Almost all prostate tumors are classified as adenocarcinomas (i.e., they arise from the glandular epithelial cells) and occur most commonly in the peripheral zone of the gland. Accordingly, they can often be felt by the physician during digital rectal examination. A unique feature of human prostate cancer is the high frequency of small, latent tumors in older men. A clear relationship between these occult tumors and those that become clinically apparent has not been established, although it is commonly assumed that the latter evolve from the former as a consequence of additional genetic mutations.

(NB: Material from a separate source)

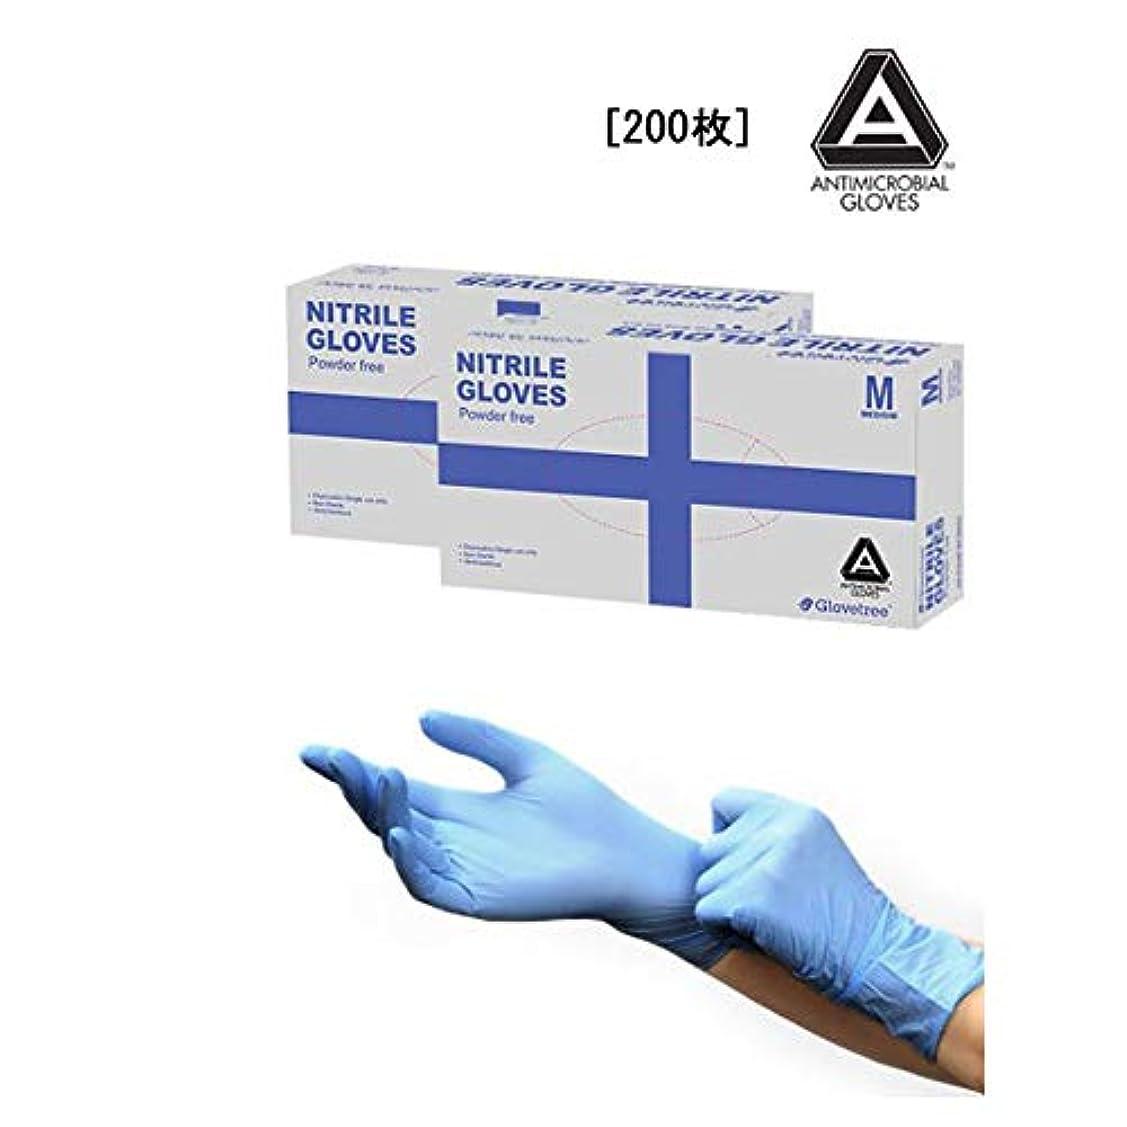 コイル練る類似性(Glove Tree)AMG(Anti Microbial Gloves) 最高品質 無粉末 ニトリル手袋 パウダーフリー Biolet Blue 200枚(3.2g Nitrile、Mサイズ目安、Powder Free...

Generally, prostate cancer in its early stages is asymptomatic. Enlargement of the prostate gland (BPH) commonly begins after the age of 45 years, ultimately leading to urinary tract symptoms (difficult and frequent urination). Many cases of prostate cancer are diagnosed as a result of digital rectal examination performed when a man visits his physician for relief of these symptoms. (Suspicious lesions on examination may be confirmed by transrectal ultrasound, followed by a biopsy of the gland.) Since its approval by the U.S. Food and Drug Administration in 1986, the prostate-specific antigen (PSA) test has come into widespread use. This test is not specific for prostate cancer, however, and gives an abnormal result if there is any increased tissue growth in the gland, such as occurs in BPH. Because of its sensitivity, the PSA test can lead to the diagnosis of very early, microscopic tumors. Although such lesions might never progress to clinical disease, surgical removal carries a risk of major complications (notably incontinence and/or impotence), leading to controversy regarding the proper use of PSA as a screening test for early prostate cancer [3,4]. Indeed, in its review in 2011, the U.S. Preventive Services Task Force (USPSTF) concluded that use of PSA as a screening modality has not resulted in any decrease in prostate cancer mortality and that, to the contrary, its use has led to more harm than good [5]. Thus, in 2012, the USPSTF published a statement recommending against PSA-based screening for prostate cancer [6]. Based on national surveys in the United States, the proportion of men aged 50 years and older reporting PSA screening in the past year was 36.9% in 2005, 40.6% in 2008, and 37.8% in 2010, but after the 2012 USPSTF recommendation, declined to 30.8% in 2013 [7].